Gradle tutorial description Chapter 1 Web applications-Quick Start and gradle Quick Start
This chapter is an ongoing work
This chapter describes Gradle support for Web applications. Gradle provides two plug-ins for Web applications: War plug-ins and Jetty plug-ins.
The War plugin extends the Java Plugin to build your project WAR file.
The Jetty plugin extends the War plugin so that you can deploy your Web application to an embedded Jetty Web container.

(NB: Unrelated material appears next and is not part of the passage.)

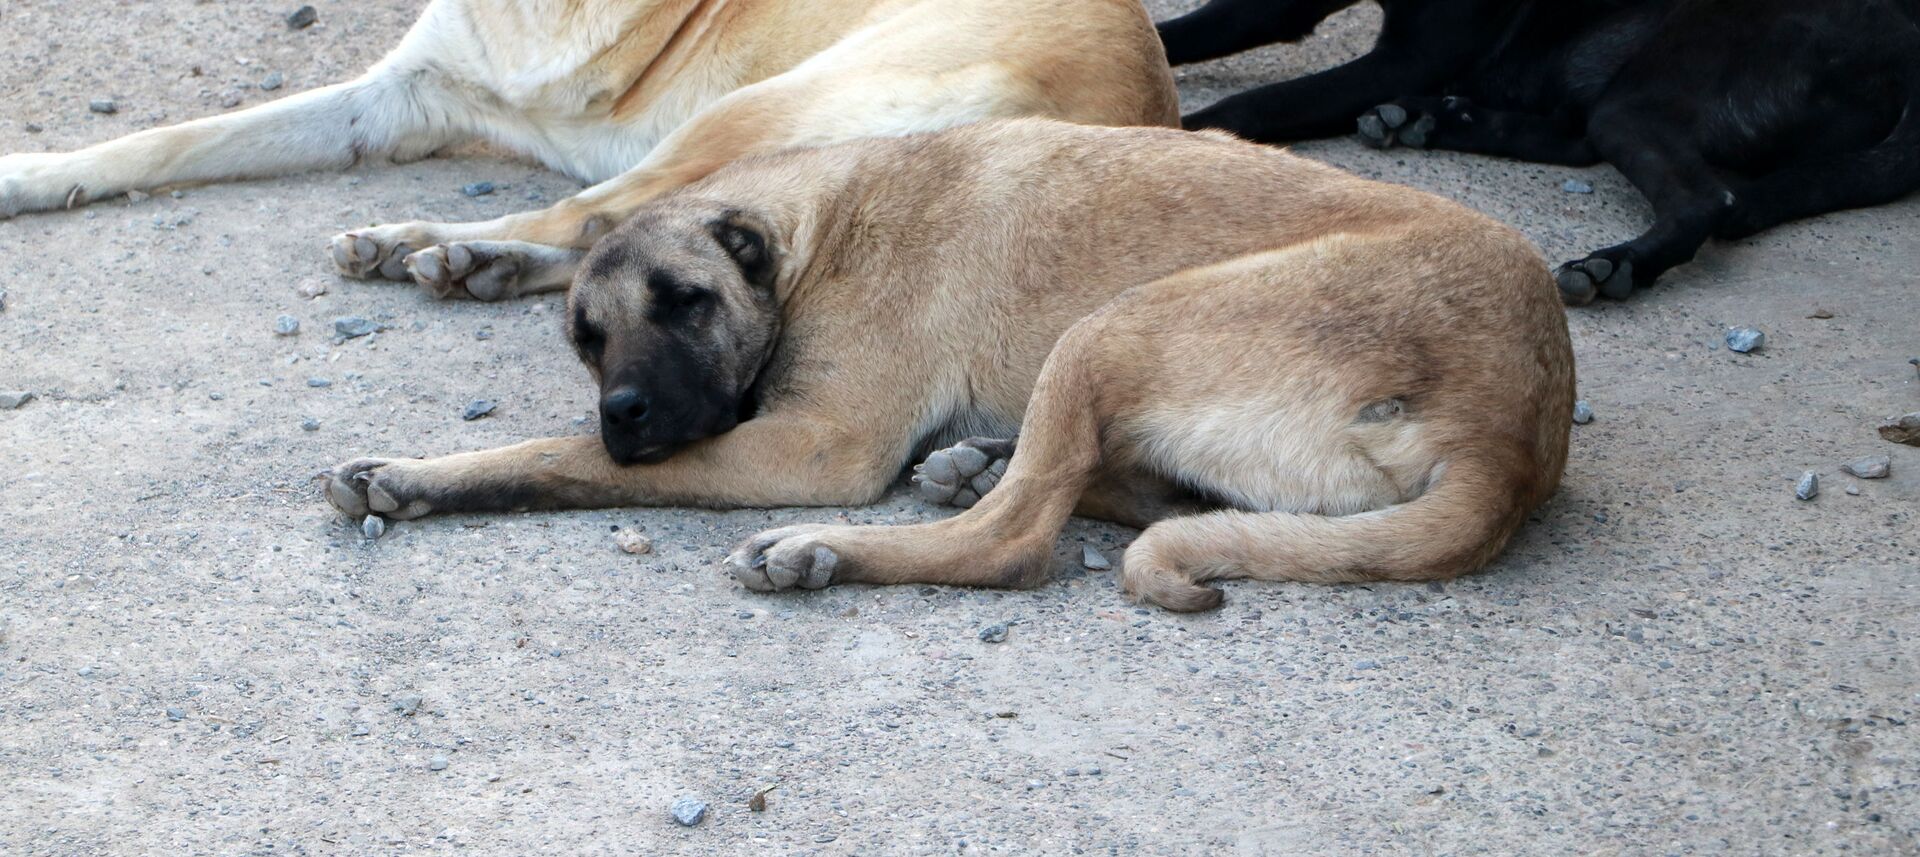 Ölmek üzereyken bulunan köpek, hayvanseverlerin bakımıyla sağlığına kavuştu - Sputnik Türkiye, 1920, 21.03.2021

Sample programs in this chapter: samples/webApplication/quickstart
10.1 to build a WAR file, you must apply the WAR plug-in.
Example: war plug-in
Build. gradle:
Apply plugin: 'War'
This also applies Java Plug-ins to your project. Run> gradle build to compile, test, and compress the project (the WAR package is under the build/lib directory ).
Gradle will include the source code file under src/main/webapp in the WAR file:
Under the WEB-INF/classes and WEB-INF/lib directories, compiled classes and their runtime dependencies are also included in the WAR file.

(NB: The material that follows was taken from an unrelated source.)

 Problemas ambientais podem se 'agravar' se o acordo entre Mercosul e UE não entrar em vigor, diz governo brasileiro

10.2 To run a Web application, run the Web application and apply the Jetty plug-in to your project:
For example, run the Web application using the Jetty plug-in.
Build. gradle:
Apply plugin: 'jetty'
This also applies the War plug-in to your project. Run> gradle jettyRun Web application will run in the embedded Web Container Jetty.

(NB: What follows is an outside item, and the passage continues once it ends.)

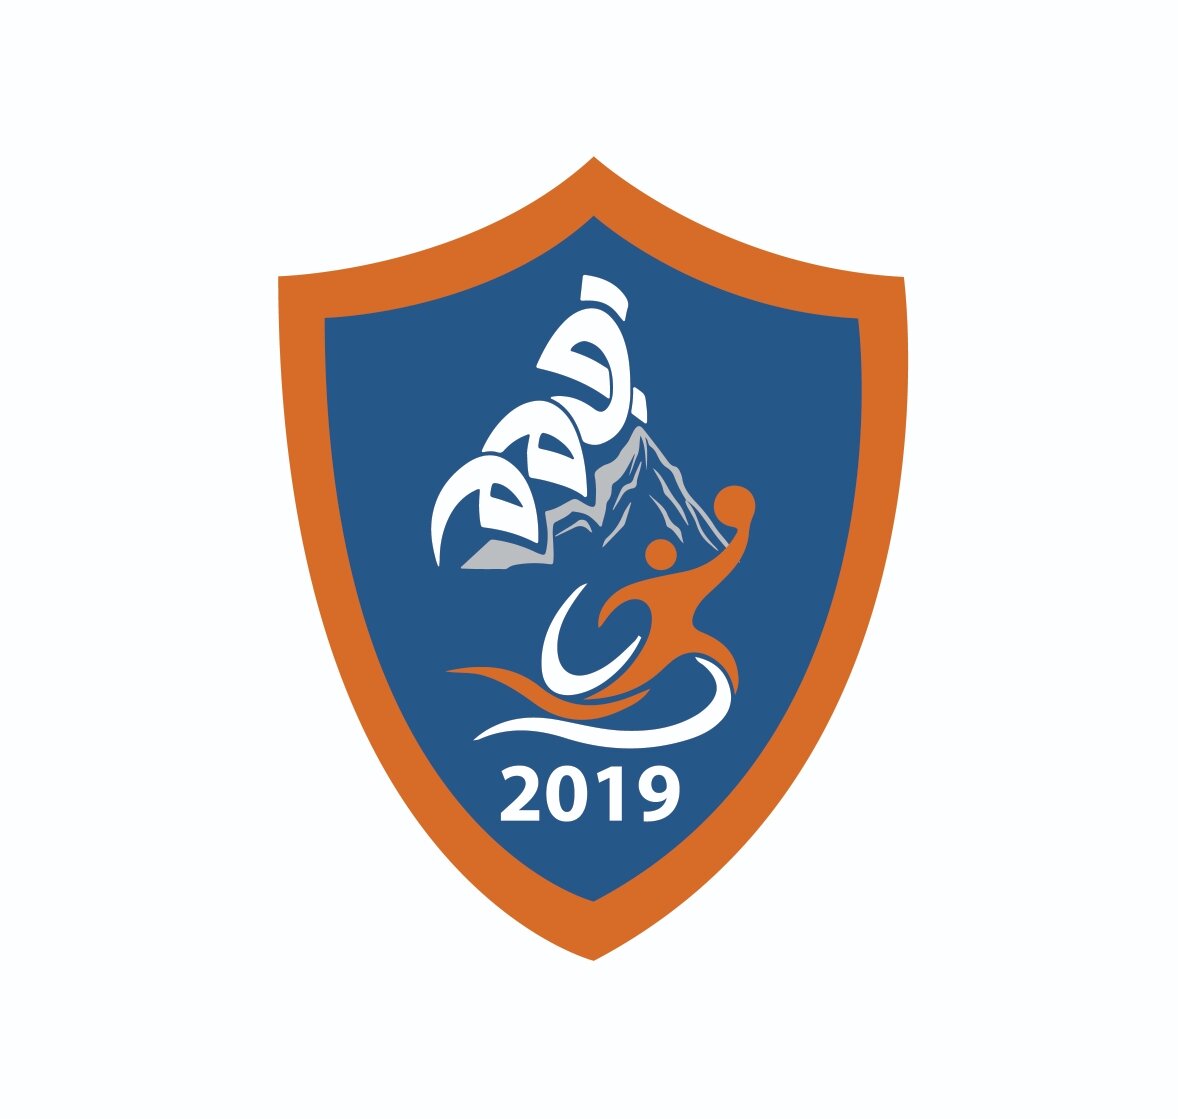 AL Qimam Sport club logo design_201220_RM-02_resized_20210310_093433838.jpg

Run> gradle jettyRunWar to build the WAR file and then run it in Jetty.
Complete build. gradle:
Apply plugin: 'War'
Apply plugin: 'jetty'
Repositories {
MavenCentral ()
}
Dependencies {
Compile group: 'commons-io ', name: 'commons-io', version: '1. 4'
Compile group: 'log4j ', name: 'log4j', version: '1. 2.15 ', ext: 'jar'
}
HttpPort = 8080
Stopports = 9451
StopKey = 'foo'
Groovy-based Web applications you can use multiple plug-ins in a single project, so you can use the War and Groovy plug-ins to create a Groovy-based Web application. The appropriate Gradle library will be added to your WAR file.